6th in a series of 40 posts about what I've learned in these 40 years
You can't make people love you.
You can't make them talk to you, even.
You can't make them agree with you or do what you want.
You really can't.
There can be an illusion of this--especially once I became a parent--but it is just an illusion.
Strike that. You can use threats and blackmail to push people into doing what you want. And I did that (not actual blackmail, but definitely emotional blackmail) when I was younger and not as good at being a person as I started to be as time went on. But you can't do these things with people and maintain friendships and marriages and relationships.

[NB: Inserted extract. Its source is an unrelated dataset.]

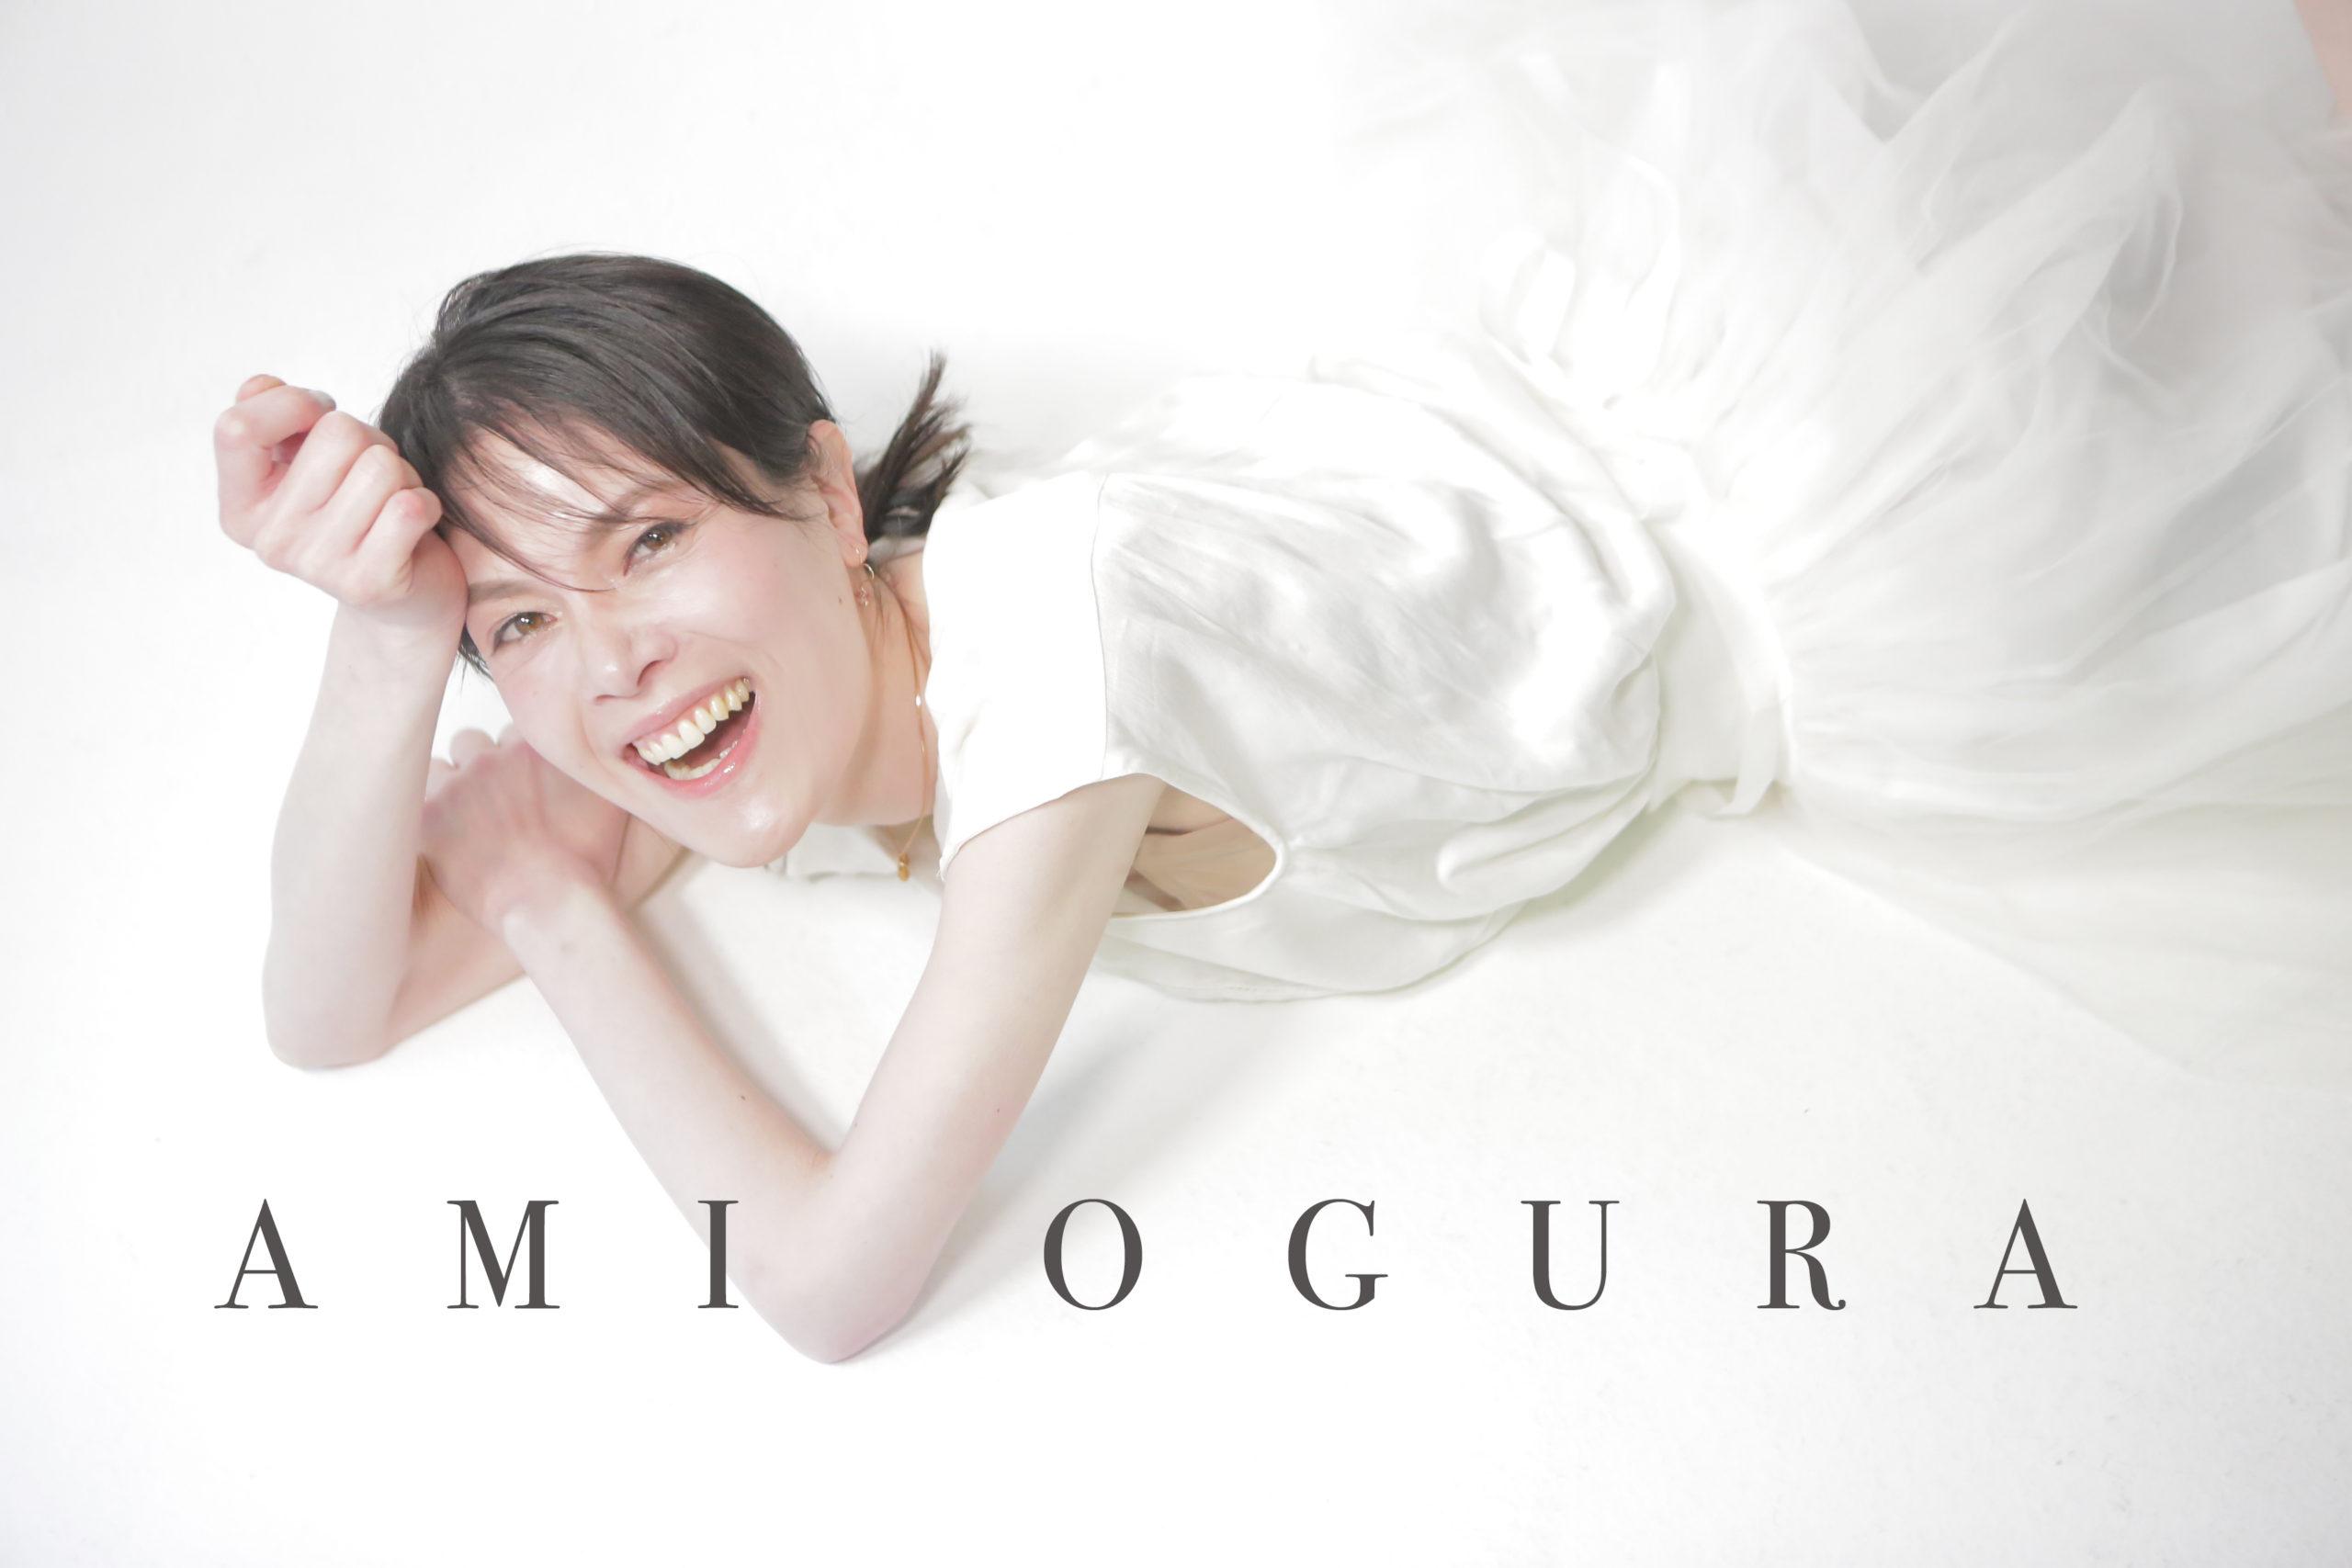 Ami Ogura

You try and you drown. You drown because you lose so much energy trying to push that you forget how to live your own life. You start running other people around and there's nothing left for you. In the end my realization that you can't push the river didn't come from a love for other people being themselves (that is later in this series) but from a love of the person I am. I can't be who I am and manage other people to that detail. Hobbies slip away, and then healthy relationships and rituals and things you need to get done like doctors' appointments and returning library books. Your life turns into Tim's drama with his wife or Tracy's drama with her child or Aly's drama with her affair and you forget how to talk to your husband.
And it sucks.
And then you realize you don't even really like Tim or Tracy or Aly that much.
So stop pushing the river, damn it. It will flow on its own. Those people have to live their lives. Live yours.